EXERCISE DIRECTIONS:
Tell how many lines below include the word "Women". Only the number should appear.

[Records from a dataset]
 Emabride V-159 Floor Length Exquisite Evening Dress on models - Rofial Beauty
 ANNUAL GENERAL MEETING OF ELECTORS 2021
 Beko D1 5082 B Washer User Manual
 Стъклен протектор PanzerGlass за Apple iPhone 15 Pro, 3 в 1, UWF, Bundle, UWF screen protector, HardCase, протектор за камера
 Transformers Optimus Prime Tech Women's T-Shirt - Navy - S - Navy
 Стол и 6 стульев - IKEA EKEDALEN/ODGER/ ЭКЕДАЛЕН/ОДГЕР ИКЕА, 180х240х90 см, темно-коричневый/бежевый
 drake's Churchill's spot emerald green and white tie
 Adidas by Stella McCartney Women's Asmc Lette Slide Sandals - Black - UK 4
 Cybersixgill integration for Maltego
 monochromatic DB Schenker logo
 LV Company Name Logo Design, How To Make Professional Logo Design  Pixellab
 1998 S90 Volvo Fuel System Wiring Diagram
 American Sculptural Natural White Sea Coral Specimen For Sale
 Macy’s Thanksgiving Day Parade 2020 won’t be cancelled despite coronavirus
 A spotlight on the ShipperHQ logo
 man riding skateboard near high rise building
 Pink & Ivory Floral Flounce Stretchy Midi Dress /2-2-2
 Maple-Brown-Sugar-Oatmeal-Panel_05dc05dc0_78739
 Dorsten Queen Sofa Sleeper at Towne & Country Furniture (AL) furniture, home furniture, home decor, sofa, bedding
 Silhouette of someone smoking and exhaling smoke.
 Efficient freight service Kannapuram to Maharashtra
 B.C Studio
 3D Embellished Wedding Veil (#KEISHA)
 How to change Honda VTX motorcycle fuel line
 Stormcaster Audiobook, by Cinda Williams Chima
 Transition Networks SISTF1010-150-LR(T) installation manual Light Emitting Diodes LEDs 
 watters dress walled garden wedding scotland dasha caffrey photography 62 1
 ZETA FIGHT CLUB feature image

WRITTEN ANSWER:
2